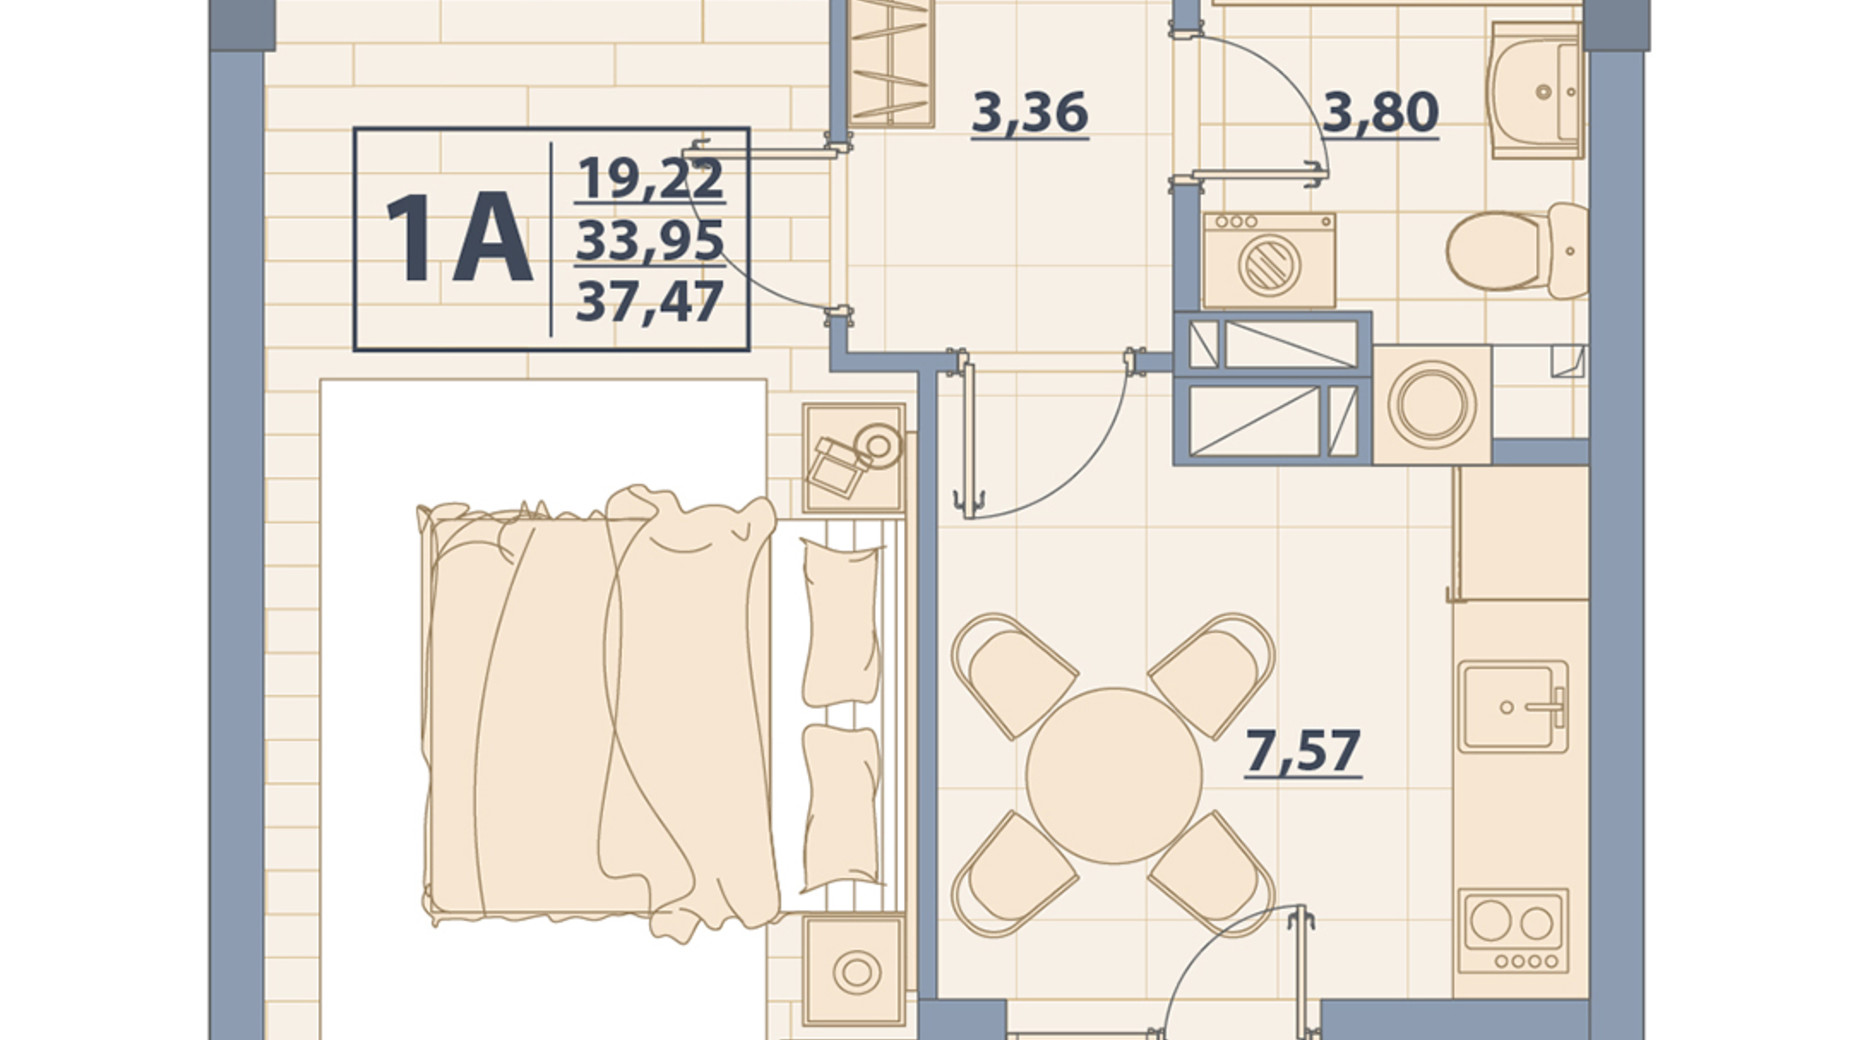 Планировка 1-комнатной квартиры в ЖК Centr City 37.47 м², фото 579651
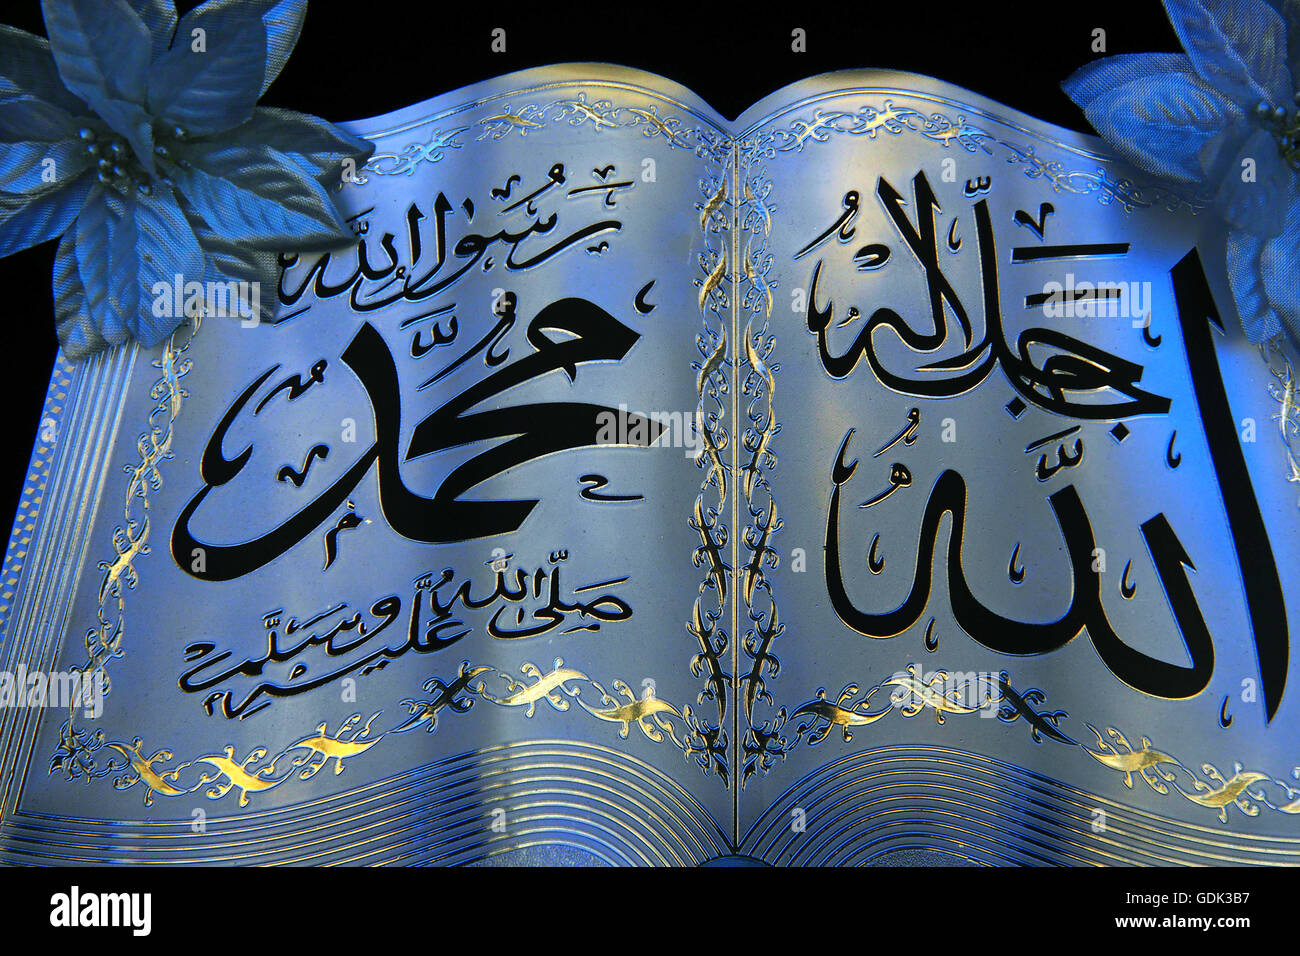 Detail des Heiligen Koran mit dem Namen Allah, auf einem Teller Dekoration,  Religion, Islam Stockfotografie - Alamy
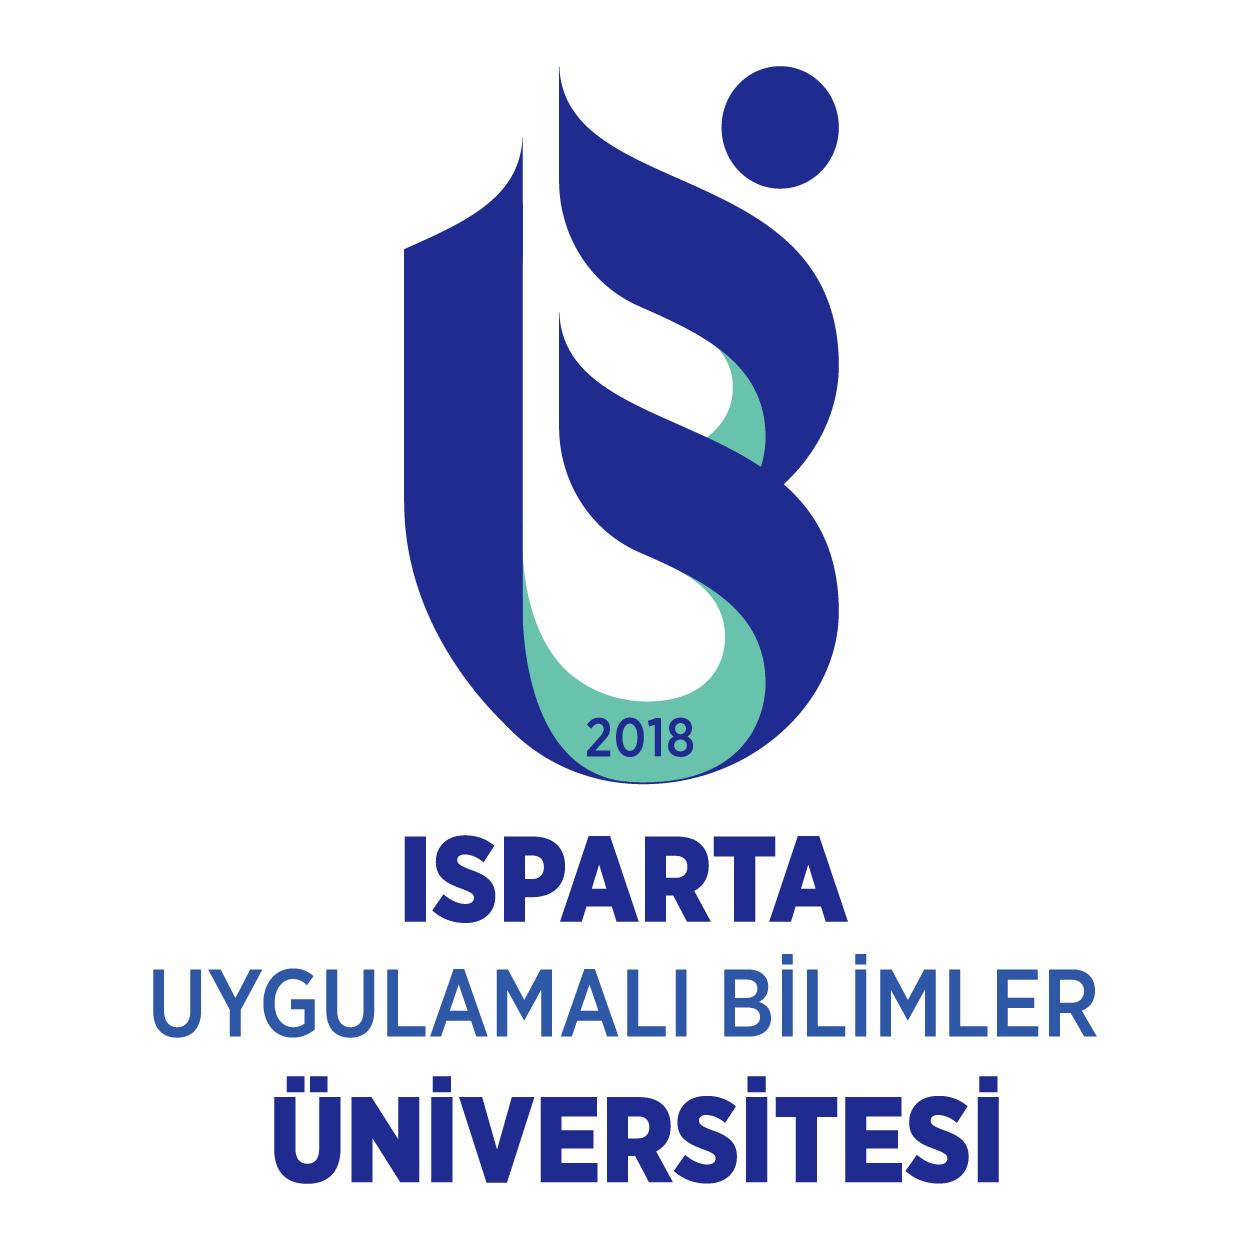 Isparta Uygulamalı Bilimler Üniversitesi Logo png
======
• _Prompt_
Take the listing above and print it exactly, apart from the pictures.

• _Answer below_
 Планировка 1-комнатной квартиры в ЖК Centr City 37.47 м², фото 579651
 Detail des Heiligen Koran mit dem Namen Allah, auf einem Teller Dekoration,  Religion, Islam Stockfotografie - Alamy
 Isparta Uygulamalı Bilimler Üniversitesi Logo png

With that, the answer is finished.